→ Exercise
Would you transcribe the records below from the line with "Musée de l'architecture" to the line with "Gesetzblatt (GBl.) der", ends included, exactly and with nothing more, leaving the pictures out?

======== Input records ========

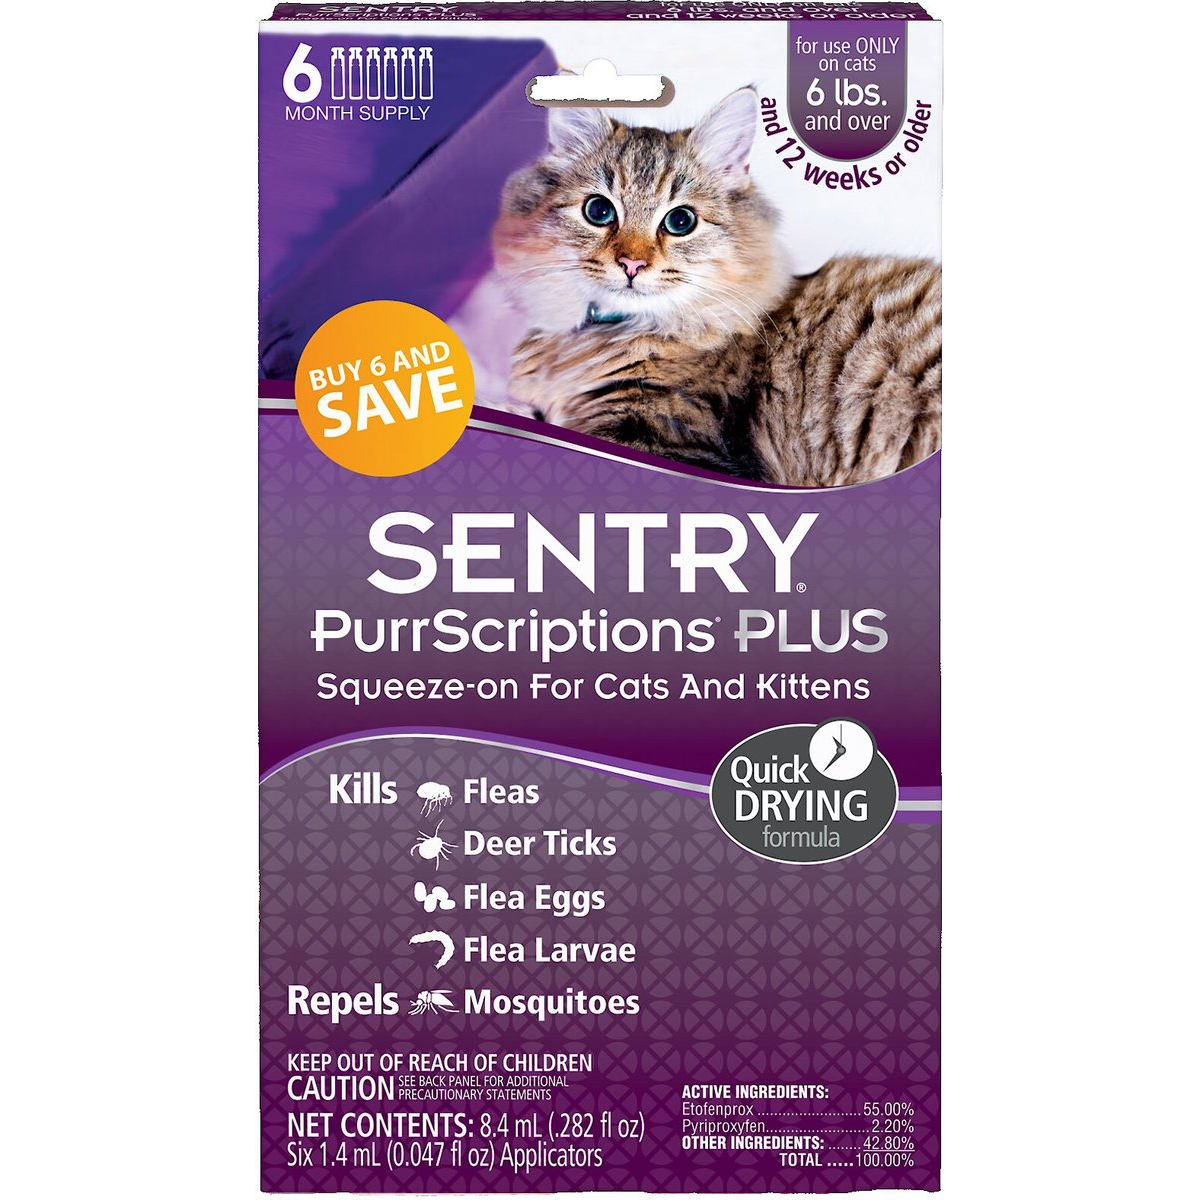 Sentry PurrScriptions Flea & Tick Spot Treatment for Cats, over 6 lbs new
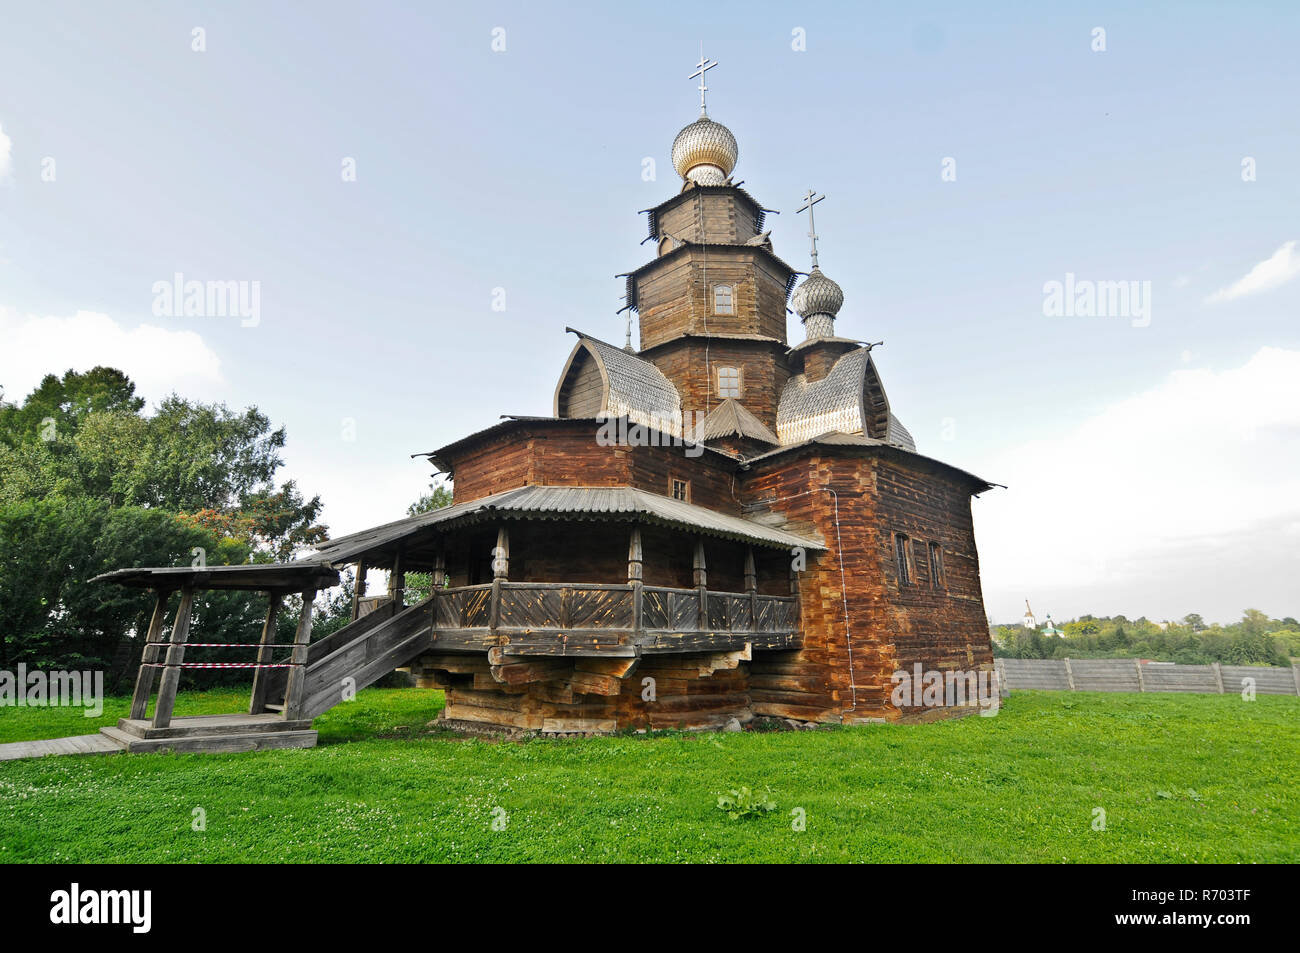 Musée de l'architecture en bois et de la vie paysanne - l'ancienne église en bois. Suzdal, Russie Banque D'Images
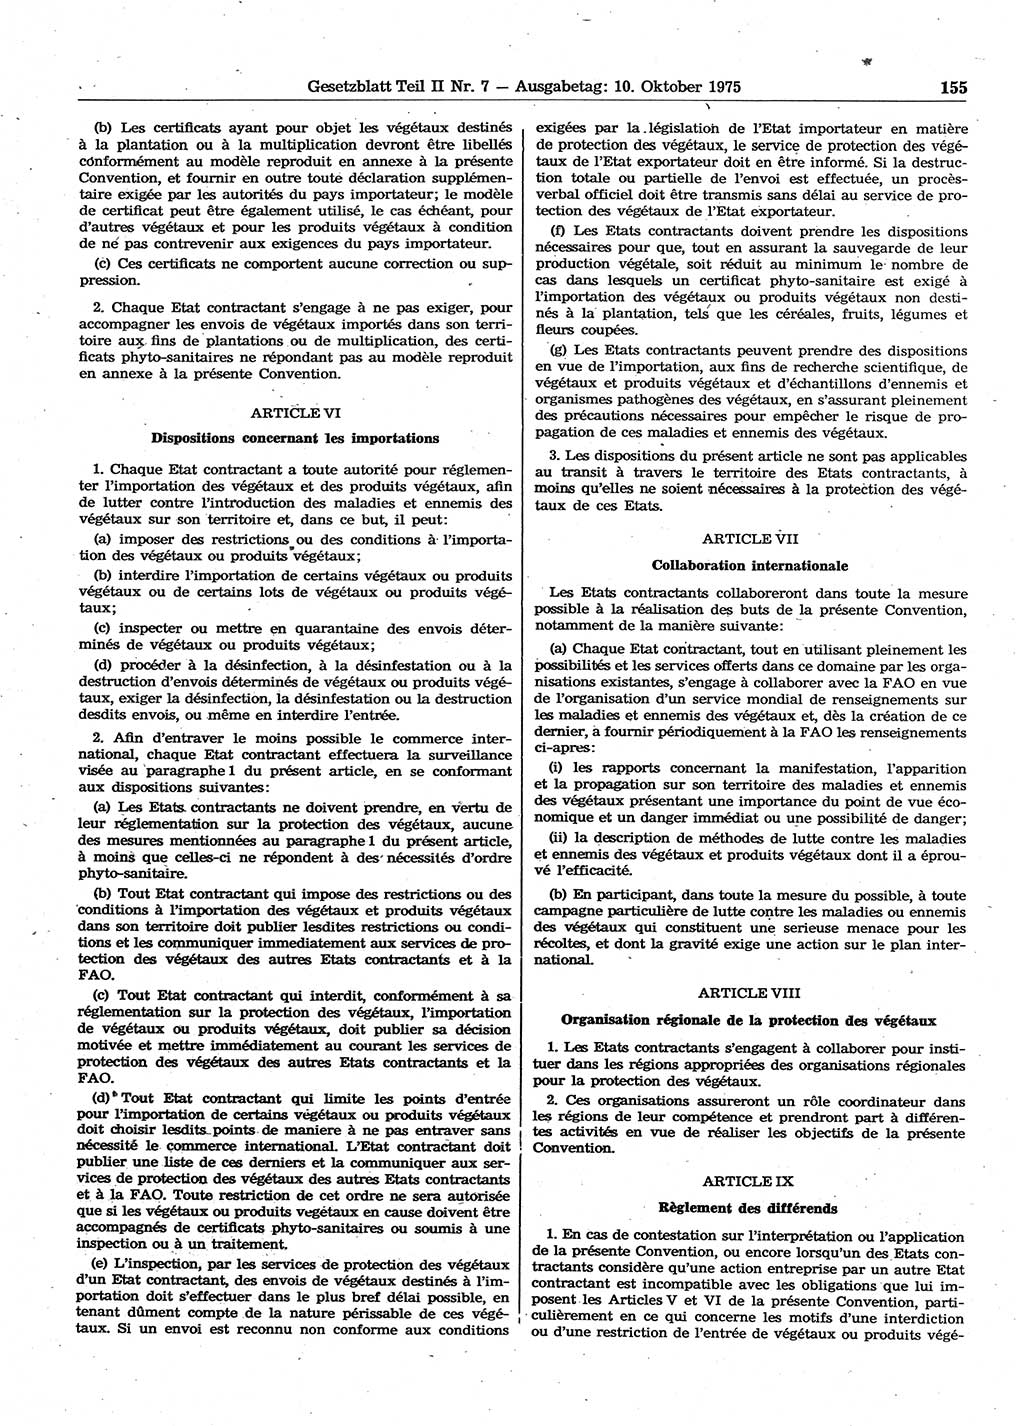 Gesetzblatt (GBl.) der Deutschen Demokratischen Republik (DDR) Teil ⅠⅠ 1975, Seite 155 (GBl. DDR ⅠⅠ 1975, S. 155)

========
======== Input records ========

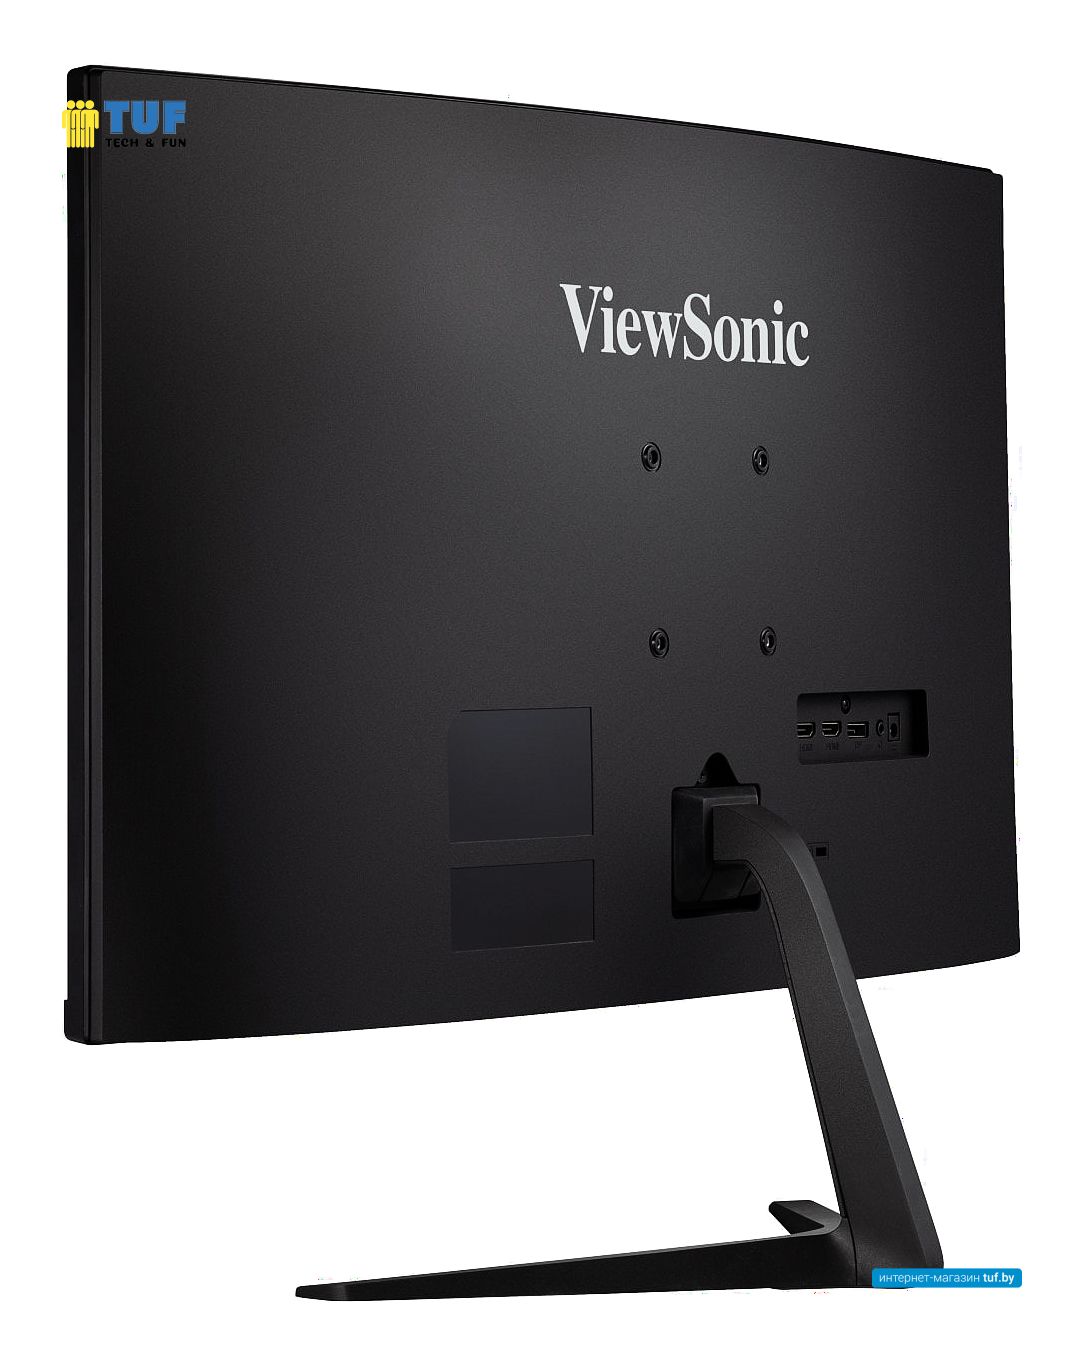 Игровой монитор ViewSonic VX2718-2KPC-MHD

========

→ Response to the task
 Musée de l'architecture en bois et de la vie paysanne - l'ancienne église en bois. Suzdal, Russie Banque D'Images
 Gesetzblatt (GBl.) der Deutschen Demokratischen Republik (DDR) Teil ⅠⅠ 1975, Seite 155 (GBl. DDR ⅠⅠ 1975, S. 155)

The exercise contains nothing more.